エデンは自身の力を過信するただの愚か者だ。力で全てを解決できると信じる哀れなクローン。己の力で世界を支配? どこの夢物語だ。仲間もなしに――
「…………!」
私の胸が一瞬、痛む。仲間。そう、私は裏切られた。今、戦っている男に。――死ね! 私はラグナロク魔法を纏い、大型の黒い斬撃を飛ばす。
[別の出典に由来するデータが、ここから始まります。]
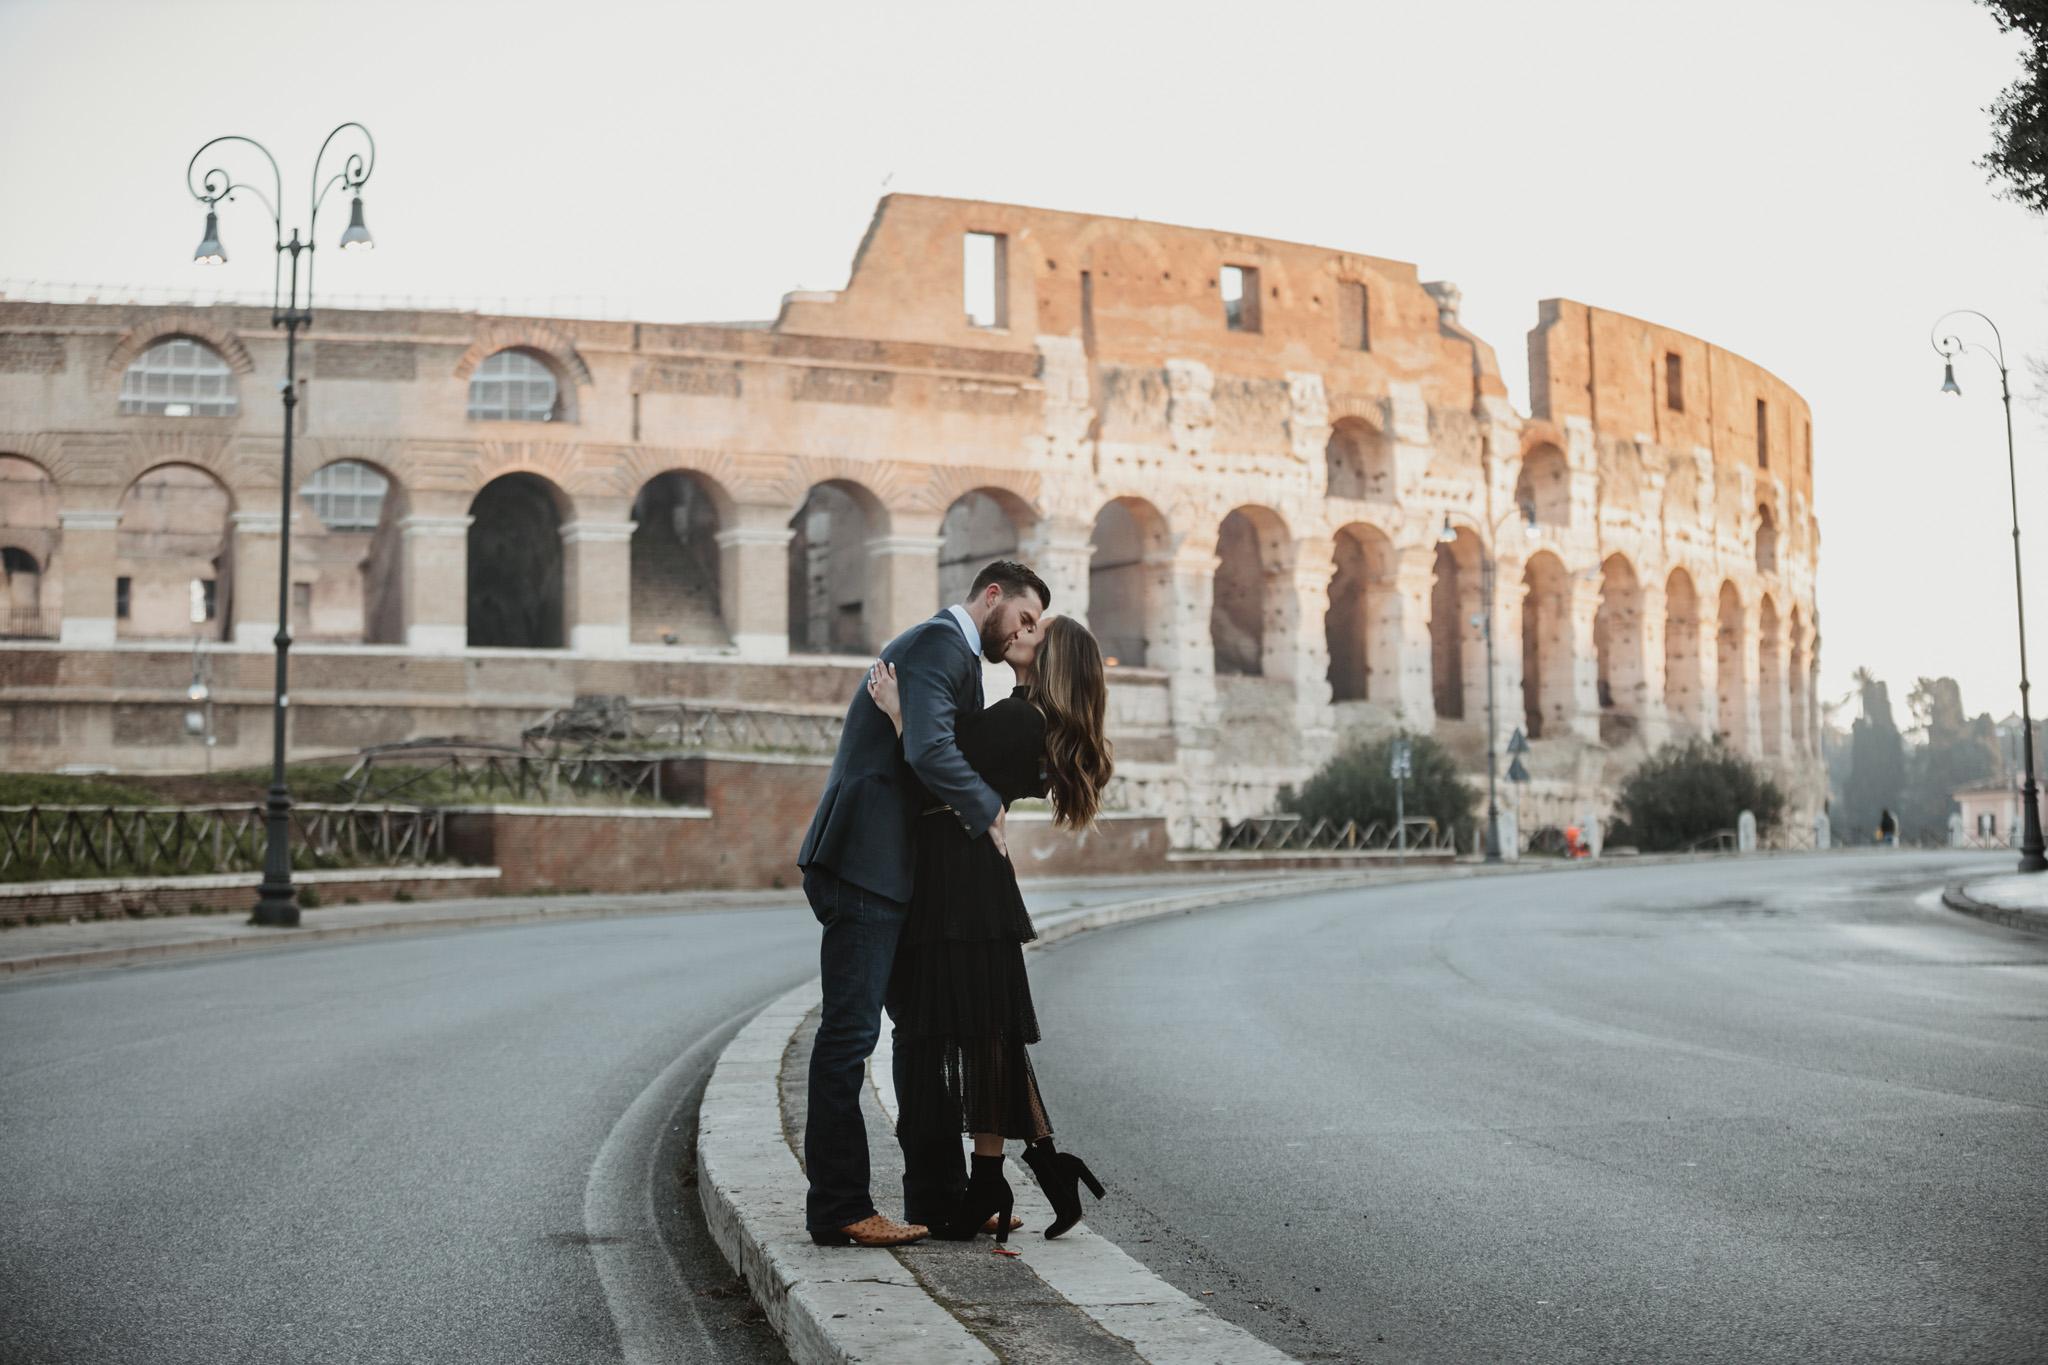 www.fabioschiazza.com - Engagement photographer Rome

クォットはその場から高く飛び、それを避ける。コンクリートの地面が大きく避ける。裂け目から雨水が流れていく。
「11年前のことは、本当にすまなかった」
「…………。……だからなんだ?」
私のすぐ側にまで飛んできたクォットを睨みながら私は言う。
「お前が謝れば、11年前のことは解決するのか? ラグナロク大戦は終わるのか? ――謝って逃げるか? 過去の呪い――後悔の念から」
「…………!」
私は一瞬、動きの鈍ったクォットに手をかざす。強力な打撃を腹に叩き込む。彼の身体は地面に叩き落される。私はそのすぐ近くに降り立つ。
「ク、ぁあっ……」
苦しそうな表情を浮かべるクォット。その口から血が吐き出される。真っ赤な液体を視界に入れるのは、これで何度目だ?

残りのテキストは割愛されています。